Climate model
webDICE includes a model of how emissions of CO2 affect temperatures. The model has two components. The first is how carbon moves around the earth, between the oceans and the atmosphere. This component determines long emissions of CO2 stay in the atmosphere. The second is how the emissions that stay in the atmosphere increase temperatures. This latter component is called radiative forcing.

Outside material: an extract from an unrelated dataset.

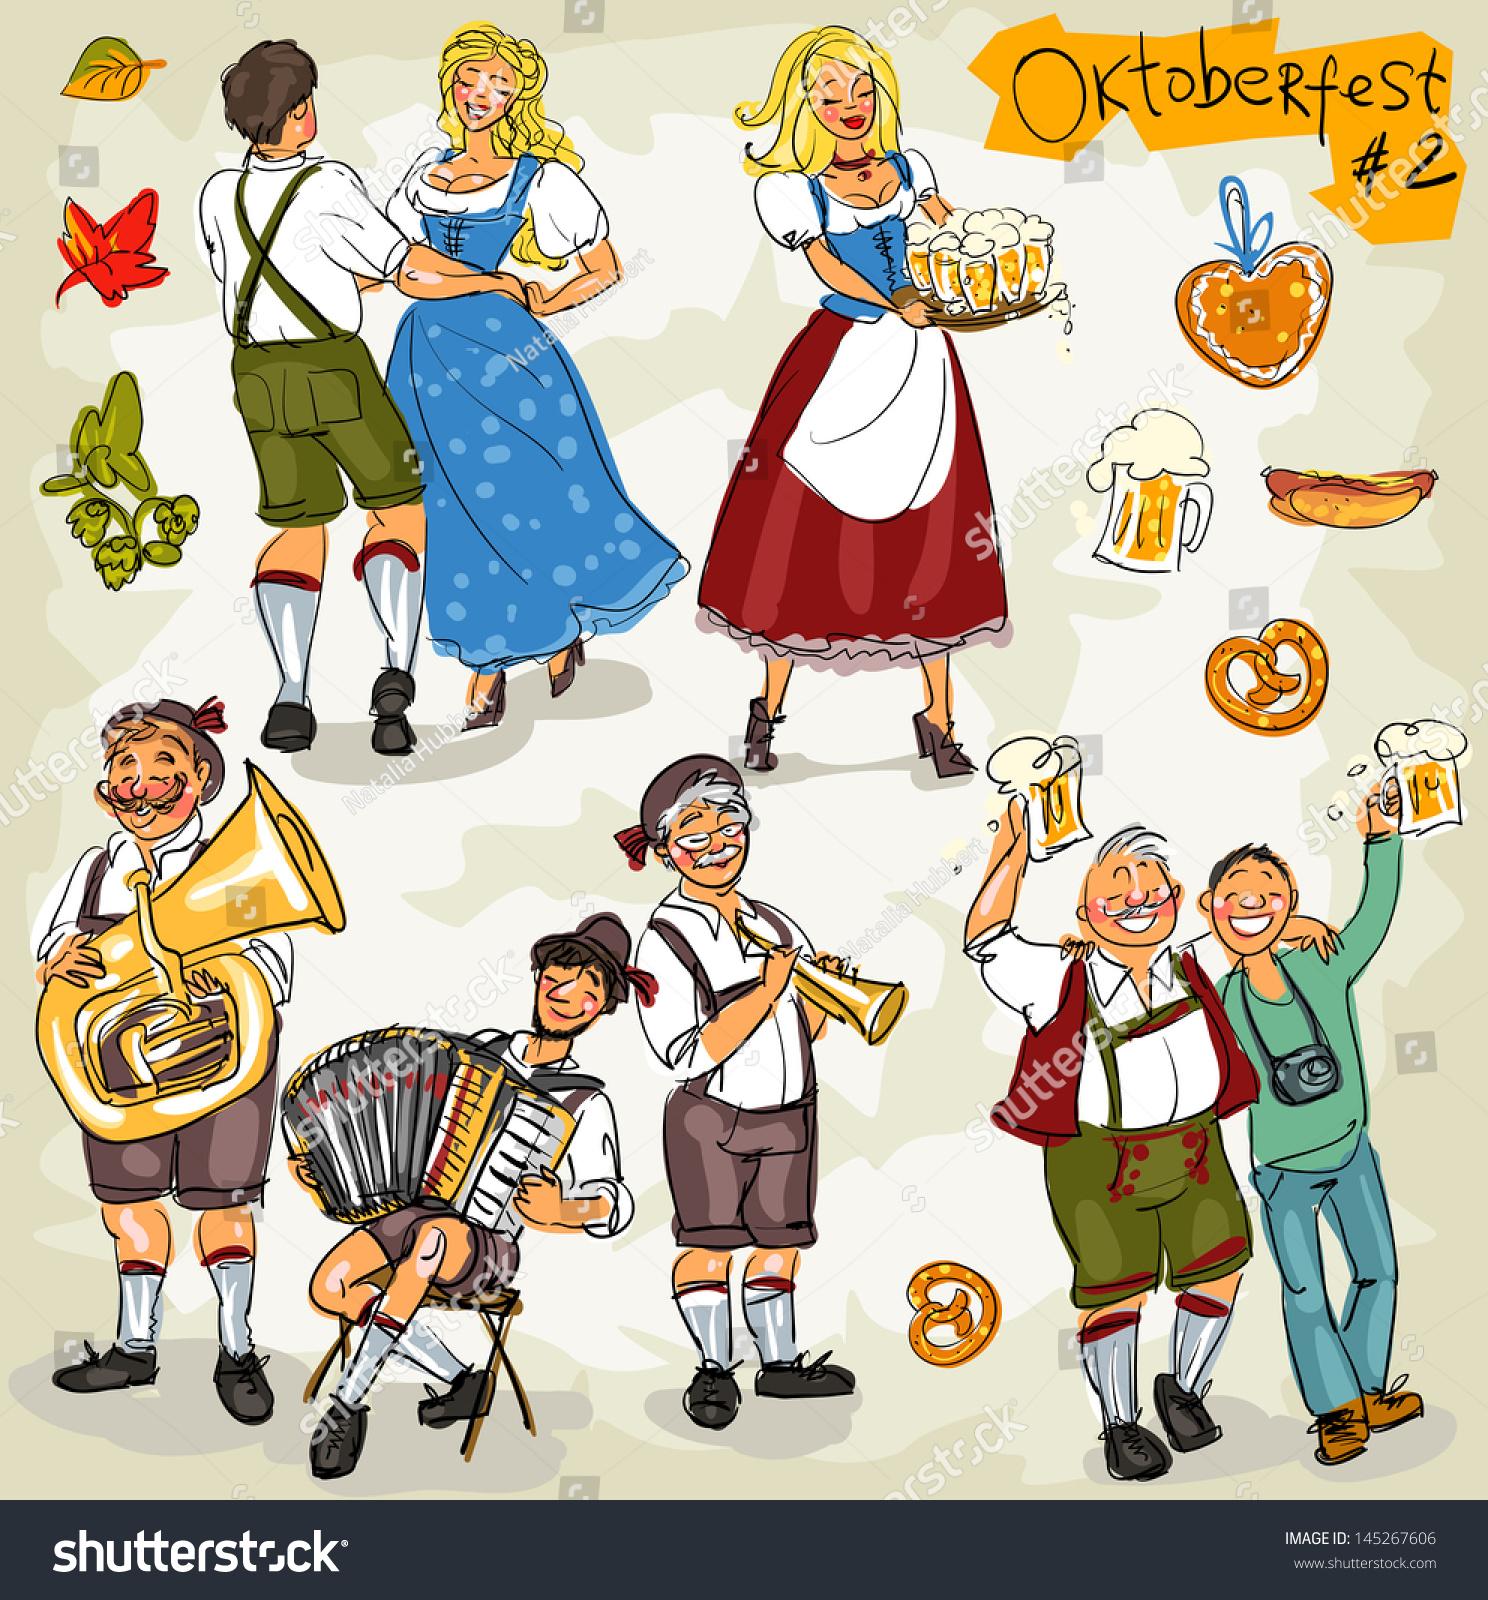 Oktoberfest Hand Drawn Clip Art Collection Stock Vector 145267606 ...
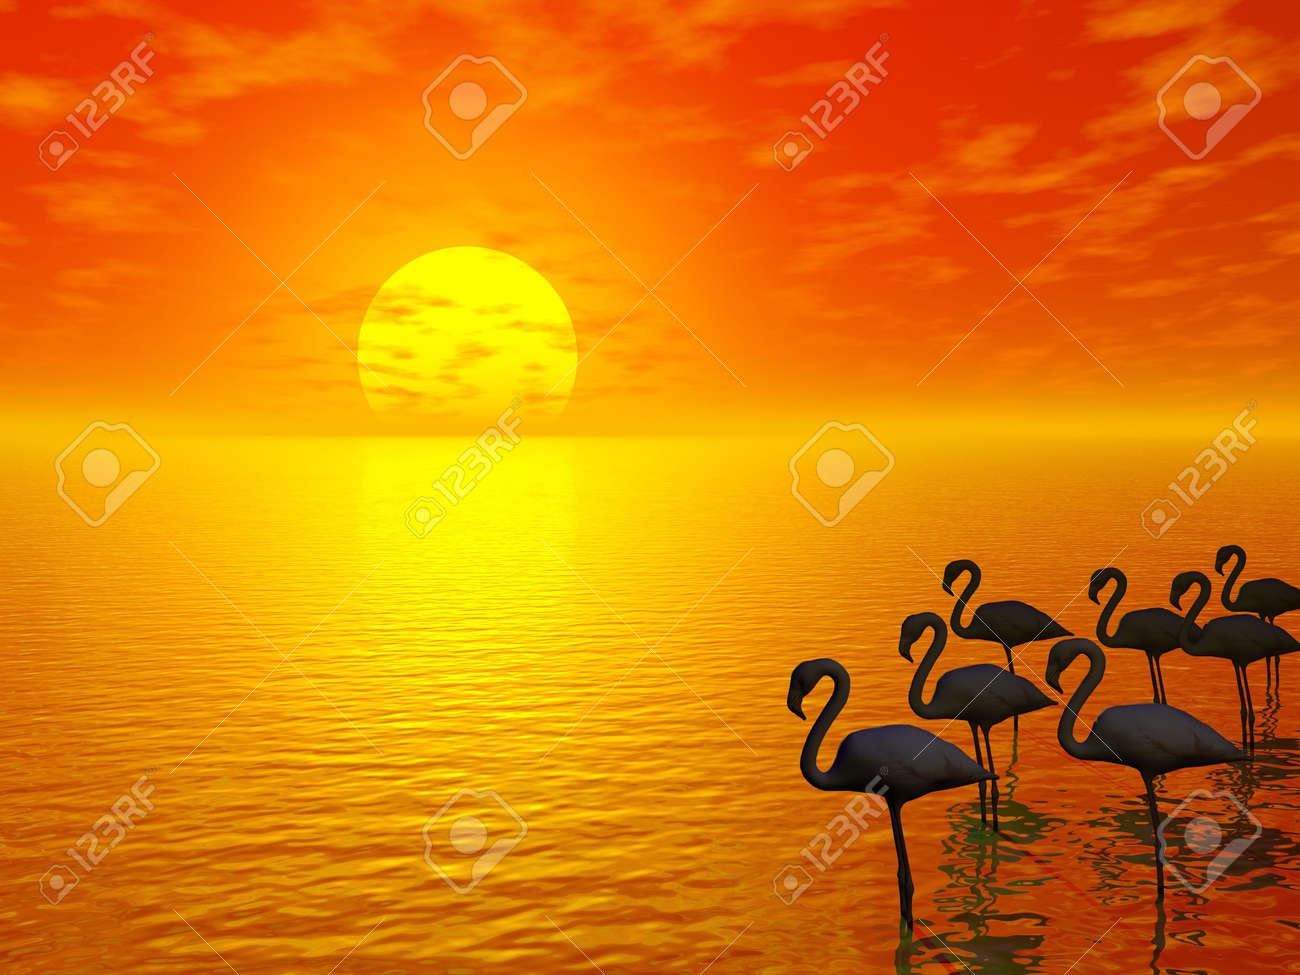 orange sunset and flamingos silhouettes Stock Photo - 845207

The model of how emission move around the earth assumes that emissions from economic activity are released into the atmosphere. Some of these emissions are absorbed by the upper layers of the ocean and from there into the lower ocean. The rate of absorption into the upper and lower ocean determines how long emissions stay in the atmosphere. There are no parameters choices for the climate model, but in Advanced Move, you can choose the default model, which is used in Nordhaus’s DICE models, or the ‘BEAM, simplified‘ model, which is a more accurate but slightly slower running model. (Optimization using BEAM may be particularly slow and possibly time out.) more
The default climate model in DICE simulates the carbon cycle using a linear there-reservoir model where the three reservoirs are the deep oceans, the upper ocean and the atmosphere. Each of these reservoirs is well-mixed in the short run. A transition matrix governs the transfer of carbon among the reservoirs. If $M_{i}(t)$, is he mass of carbon (gigatons) in reservoir $i$, then: \[ \left[\begin{array}{c} M_{AT}(t)\\ M_{UP}(t)\\ M_{LO}(t) \end{array}\right]=\left[\begin{array}{ccc} \phi_{11} & \phi_{12} & 0\\ 1-\phi_{11} & 1-\phi_{12}-\phi_{32} & \phi_{23}\\ 0 & \phi_{32} & 1-\phi_{23} \end{array}\right]\left[\begin{array}{c} M_{AT}(t-1)\\ M_{UP}(t-1)\\ M_{L0}(t-1) \end{array}\right]+\left[\begin{array}{c} E(t-1)\\ 0\\ 0 \end{array}\right], \] where the parameters $\phi_{i,j}$ represent the transfer rate from reservoir $i$ to reservoir $j$ (per time period), and $E(t)$ is emissions at time $t$. The model only includes CO2 in its emissions factor and atmospheric carbon concentration. Other greenhouse gases are assumed to be exogenous and enter the forcing equation separately.